О русском стихосложении - [8]
Упала...
"Здесь он! Здесь Евгений!"
По форме можно подумать: не хватило в строфе места слову "упала" и перенесено оно в следующую строфу. Ведь можно было бы сказать:
Кусты сирен переломала,
По цветникам летя к ручью,
И на скамью упала...
Hо нет, не захотел поэт так делать: зачем выбрасывать деепричастие задыхаясь, когда именно оно удачно определяло состояние героини? А что с Татьяной сделалось? Автор чуточку помедлил, чтобы читатель или слушатель пережил момент ожидания. Этому и послужил перенос слова со строфы па строфу. Пушкину нужно передать взрыв ее душевного волнения, тревоги и смущения: "Здесь он! Здесь Евгений!" Получилось, что и читатель стал соучастником ее переживаний. Вот так:
По цветникам летя к ручью,
И задыхаясь на скамью...
Речь ускоряется, и вдруг пауза:
Упала...
"Здесь он! Здесь Евгений!"
Бурю душевного волнения надо показать правдиво, сильно... Вот и выручил поэтический перенос!

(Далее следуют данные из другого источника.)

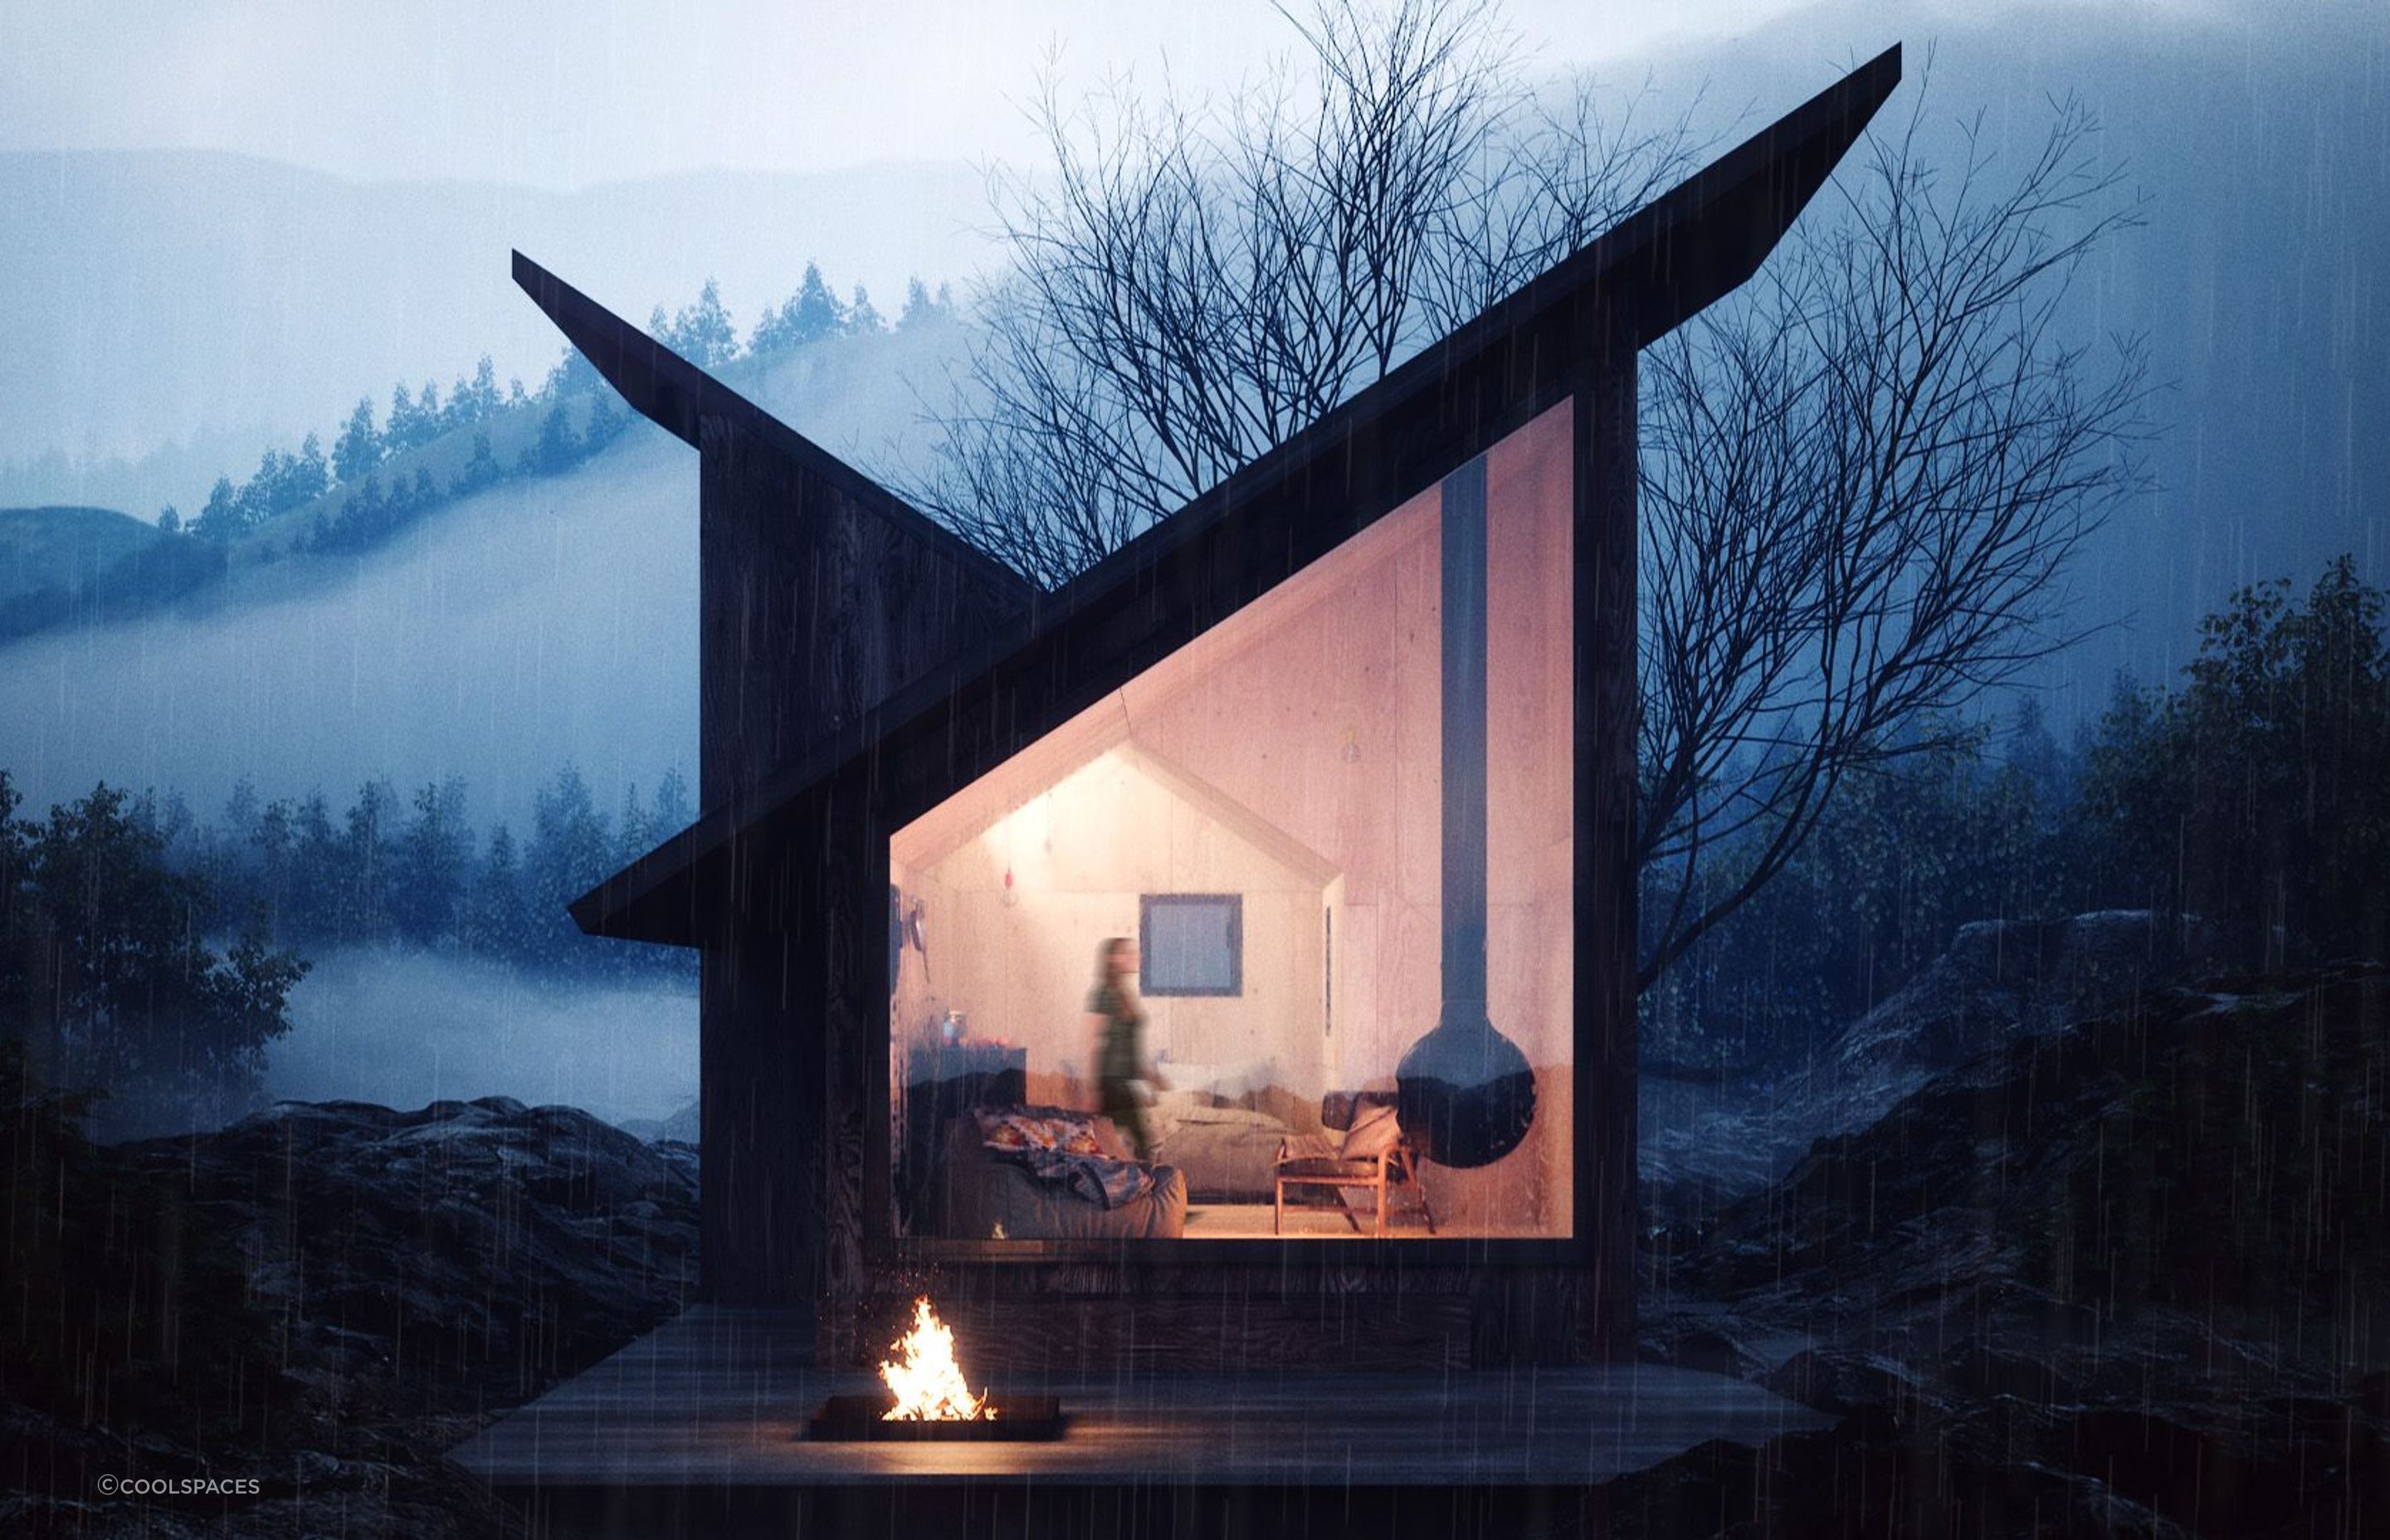 Tiny home costs vary widely depending on design, materials, furnishings and more and inspiring examples like the Mountain Refuge tiny house by CoolSpaces shows what's possible when working with the very best

Интересен перенос и в "Сне Татьяны". В четырнадцатой строфе из V главы говорится, как Татьяна убегает от медведя. Заканчивается строфа так:
Она бежит, он все вослед:
И сил уже бежать ей нет.
А пятнадцатая строфа начинается и события развертываются:
Упала в снег; медведь проворно
Ее хватает и несет;
Она бесчувственно покорна,
Hе шевельнется, не дохнет...
Экспрессия этого переноса иная: заключена она в страхе перепуганной героини, но сила этого чувства не так уж велика, как сила любви. Вот что хотел поведать нам автор. Тут и синтаксическое оформление проще: никаких ступенек и знаки препинания спокойные. Это соответствует тому, что наша героиня "бесчувственно покорна".
Весьма содержателен енжамбеман у М. Ю. Лермонтова в его поэме "Тамбовская казначейша". Здесь экспрессия столь же сильна, но эмоциональный мотив ее другой: пе чувство любви и тревоги, а презрение героини поэмы к своему мужу. И там для описания ее нервного перенапряжения потребовался автору перенос строфы на другую. Попытайтесь самостоятельно разобраться в строфах пятьдесят первой и пятьдесят второй. (В них, помимо переноса со строфы на строфу, есть переносы и от стиха к стиху. Присмотритесь внимательно, найдете их быстро.)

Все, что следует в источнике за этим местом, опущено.